We have selected the threshold for high and low based on the diabetes prevalence median, that is, a score of 6,1.

We tried two models: Logistic Regression and Random Forest Classifier. We split the data into a train and test set. We only train the model with the train set and then plot the overall prediction of the model below (train + test set)

Logistic Regression

We can identify a clear linear cut for the decision frontier. It does not take into account the intersections of points in the middle of the plot, but identifies a good frontier from which probability becomes higher to belong to class 0 (left) or 1 (right)

Random Forest Classifier

This model handles better mixed labels and therefore has a more convincing result. We are then going to evaluate its performance on the test set only.

Performance evaluation

First, we check a histogram of its scores (between 0 and 1) and true values on the test set.

This is not a bad result, the model tends to rightly classify the points more frequently thant it does mistakes, especially for the low diabetes cases.
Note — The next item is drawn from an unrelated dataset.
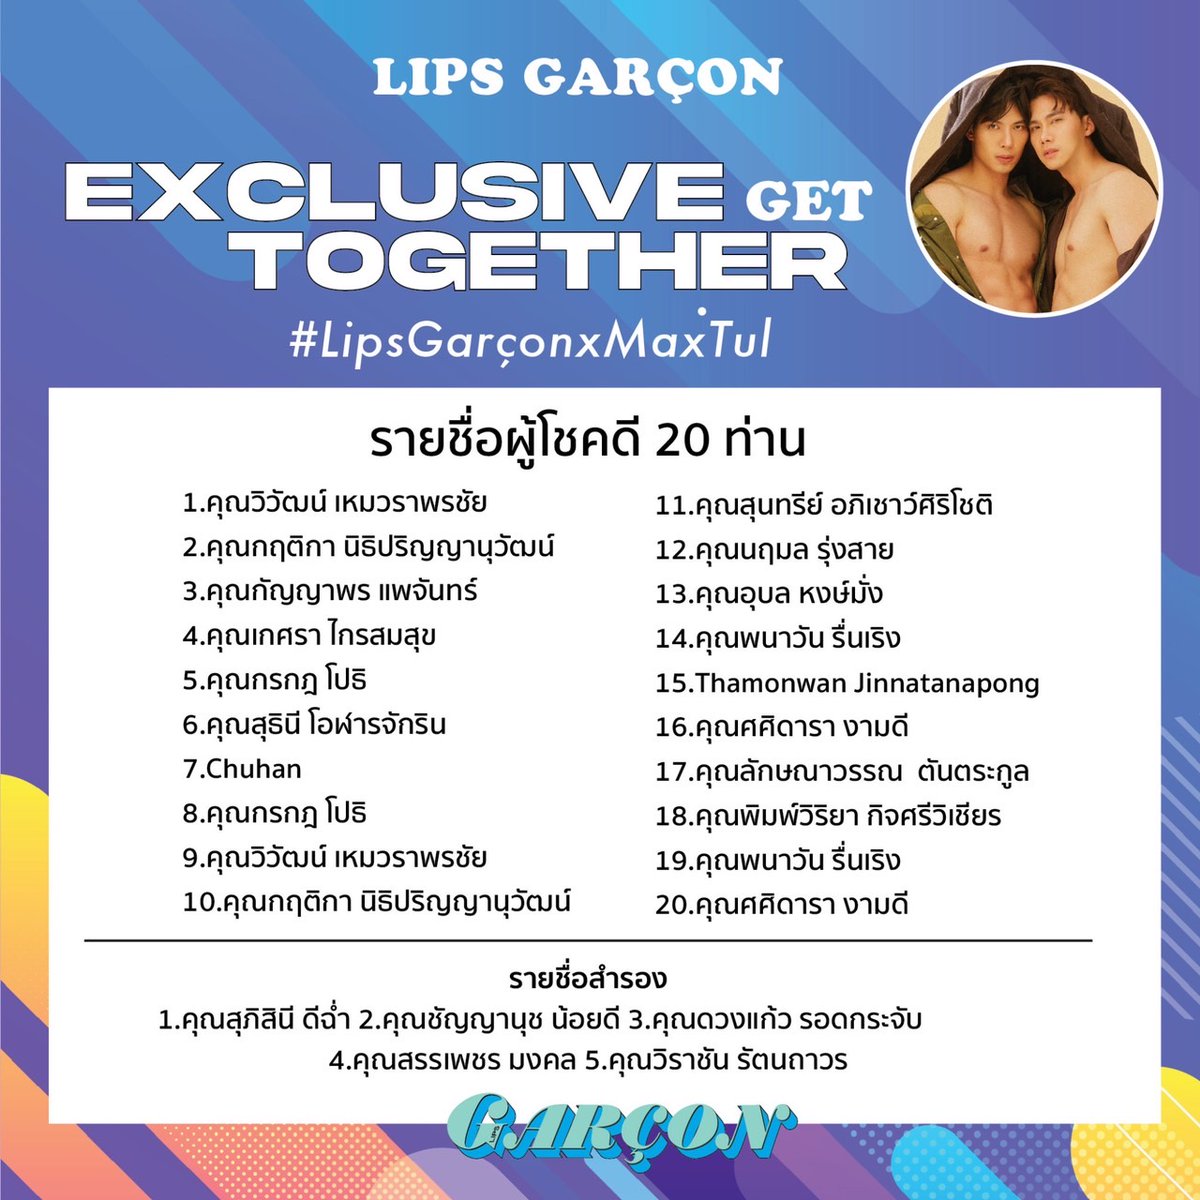 เตรียมตัวพบกับ LIPS GARCON ‘Exclusive Get Together’ กับ “โอห์ม-ฐิติวัฒน์, ฟลุ้ค-ณธัช, คิมม่อน-วโรดม, คอปเตอร์ - ภานุวัฒน์ และ แม็กซ์ - ณัฐพล ” วันจันทร์ที่ 27 มีนาคม 2023 ณ ลาน Atrium1 ชั้น G สยามเซ็นเตอร์ #LIPSGarçonxOhmFluke #LIPSGarçonxMaxTul #LIPSGarçonxKimmonCopter

Below we plot the TPR and FPR of the model, according to certain thresholds:

And finally we plot its ROC curve:

We reach an AUC of 0.88 for the test set, which is not bad !
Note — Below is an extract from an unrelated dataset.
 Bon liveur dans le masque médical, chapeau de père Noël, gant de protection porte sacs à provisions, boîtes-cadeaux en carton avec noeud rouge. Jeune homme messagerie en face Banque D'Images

What’s On with Net Income ?

Finally, we would like to observe if there are any differences on products consumption between richer or poorer areas and if so, we would like to know if it has an impact on diabetes. To do this, we start by plotting the average net annual income of local authorities. Note that we have access to annual income data only for MSOA and that the above study was performed using OSWARD data. We therefore do not have access to diabetes prevalence score for the income analysis, but we can relate to the previous findings to interpret our results.
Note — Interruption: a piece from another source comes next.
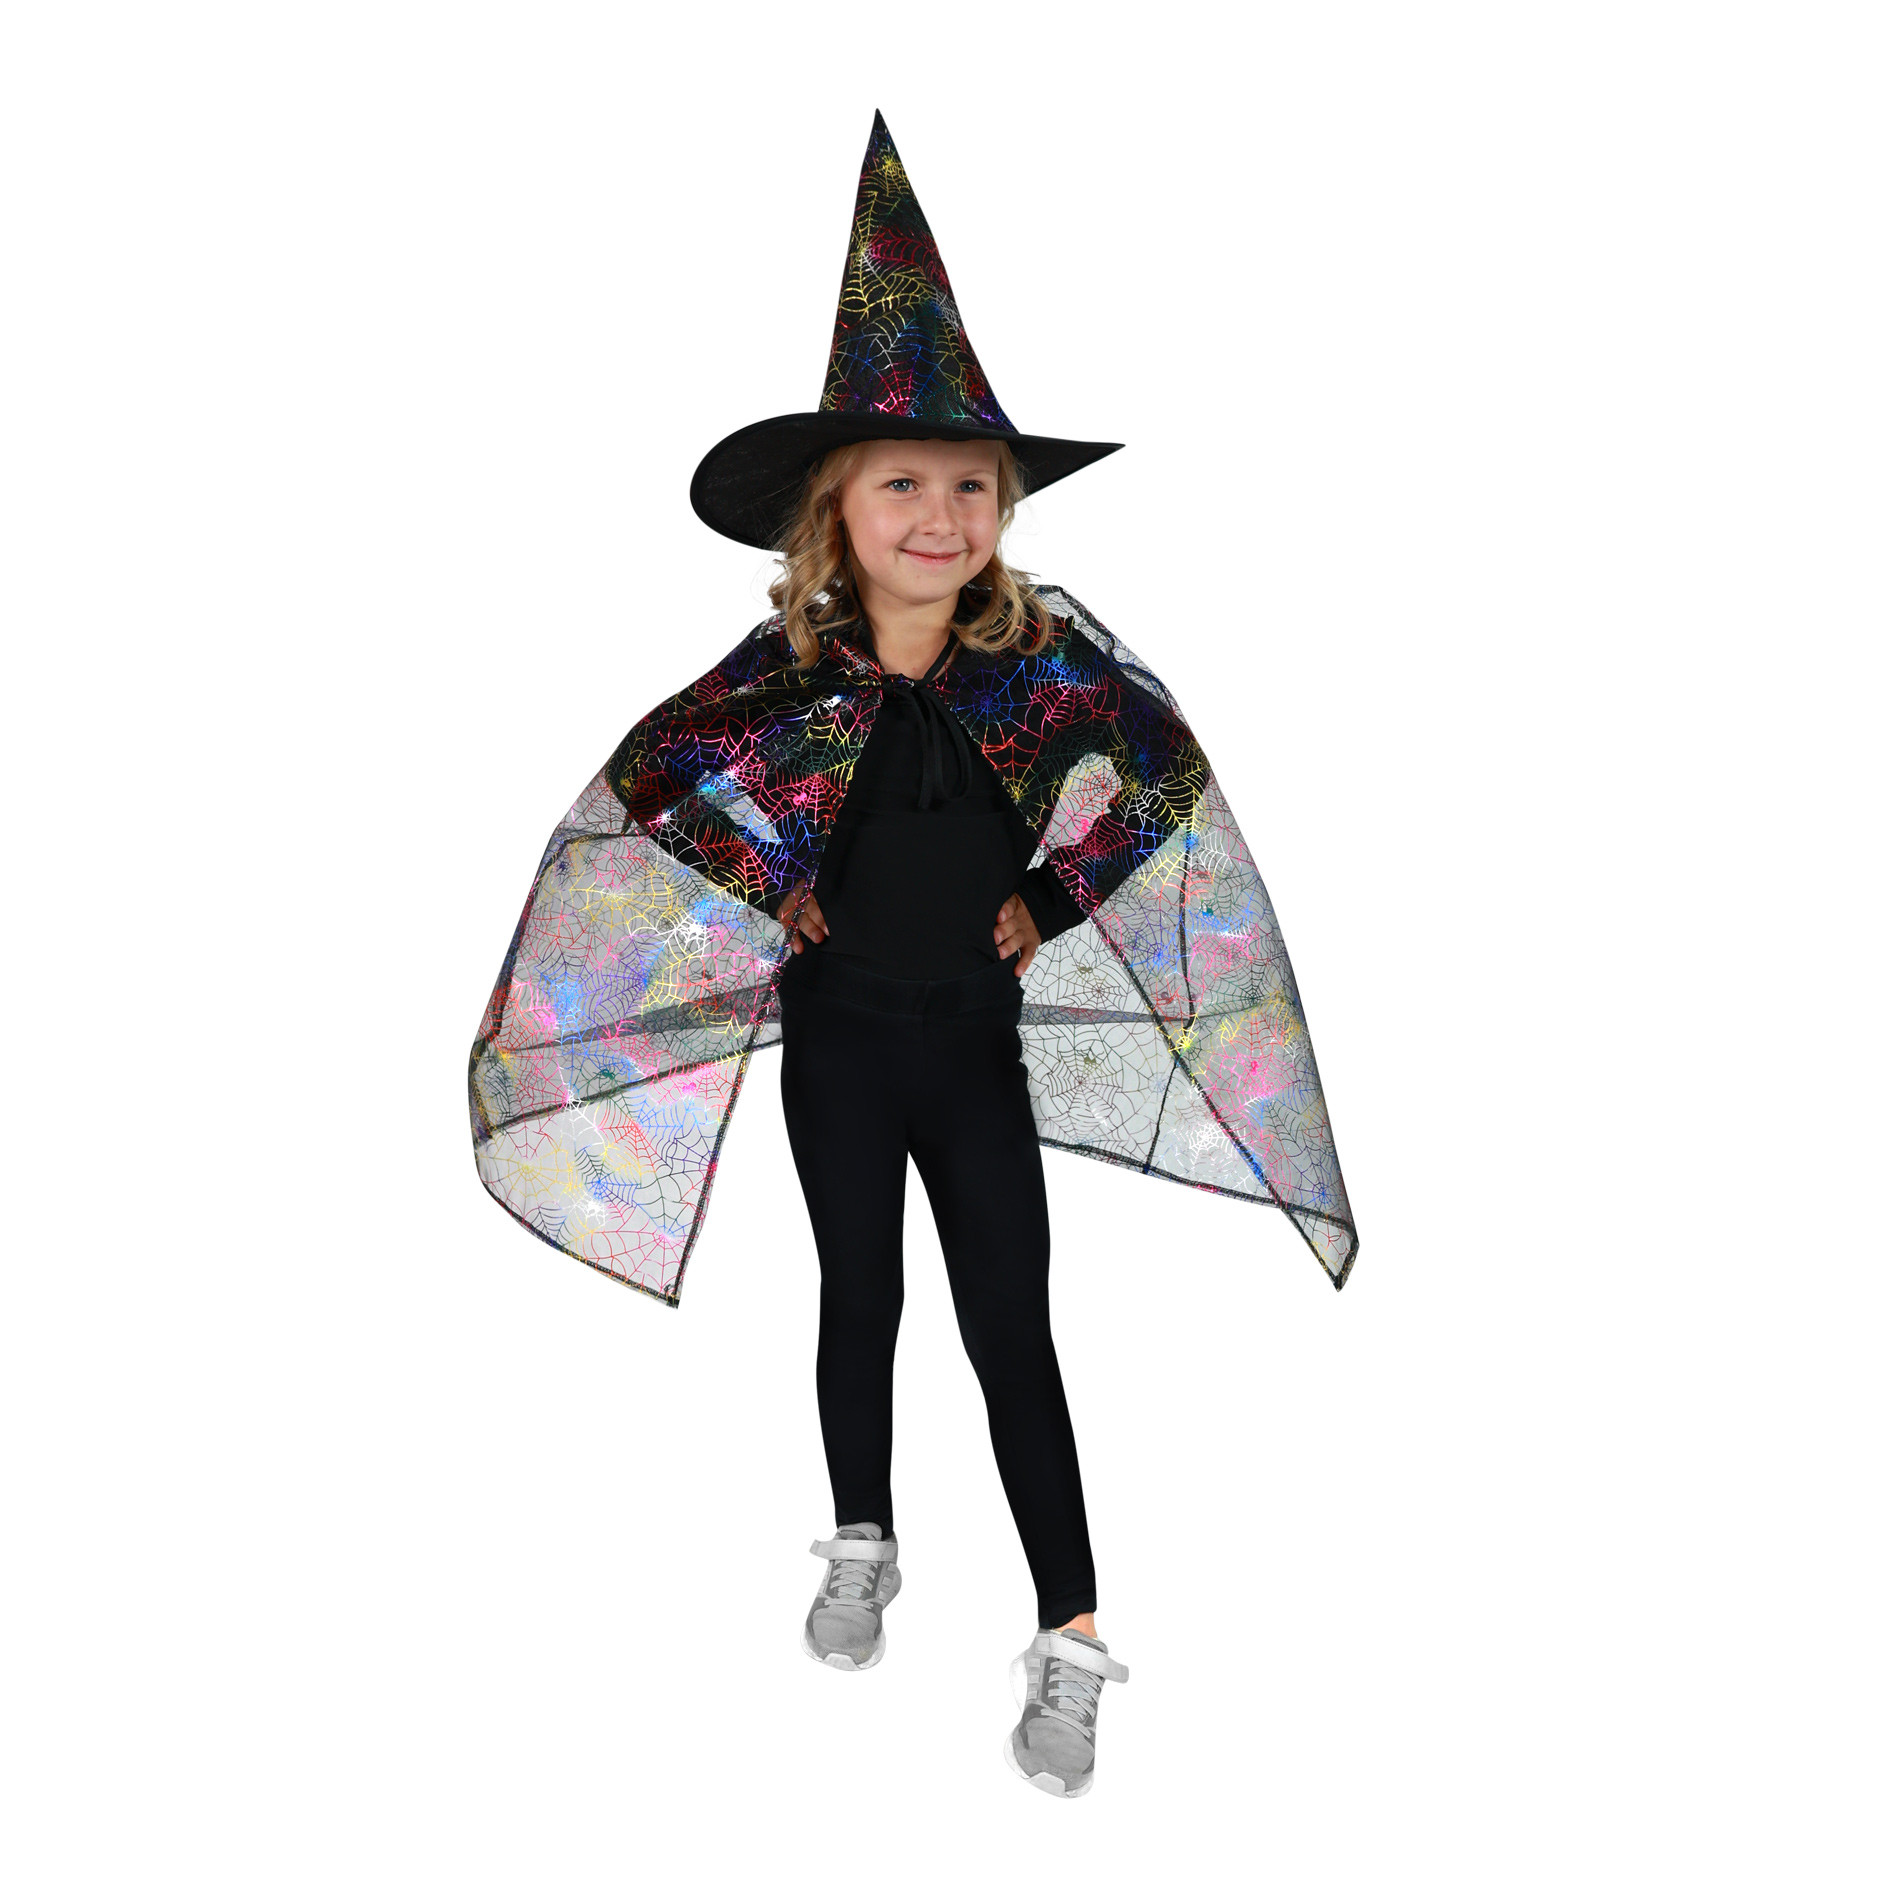 Dětský plášť s pavučinou čarodějnice s kloboukem

In this chart, local authorities are separated in 3 categories based on their average net annual income. We used the 1st and 3rd quartile of the income distribution to diferentiate low and medium income areas, higher income areas lie then above the 3rd quartile. We now plot nutrient consumptions grouped by income groups:

We do not notice huge differences in terms of product consumptions, but a key observation is that higher income classes tend to buy more products that are negatively correlated with diabetes prevalence whereas lower income buy more products that are positively correlated with diabetes prevalence. Low income areas buy 83% more bottled water than high income areas. It might be because tap water quality is not as good as in richer areas.

Conclusion and discussion

We have been able to define low diabetes prevalence products for customers seeking healthier food habits. We investigated the contribution of age groups within areas with diabetes prevalence and have found that younger areas have higher diabetes prevalence scores. This is due to the fact that younger populations tend to buy products that are positively correlated with diabetes prevalence. Scatter plots stress on this relationship as younger areas have low entropy which is respectively positively correlated with diabetes.

From the income point of view, high income areas are considered healthier as they have the tendency to buy products negatively correlated (fruits and veggies, dairy, wine) with diabetes unlike low income areas food consumptions(sweets, fats).

The results of this study are to interpret with caution. Indeed, we only have access to aggregated data and therefore only see the trends in consumption by areas. Interesting further research would be to determine other causes of why younger populations tend to have higher diabetes, and why diabetes is positively correlated with botlled water consumption.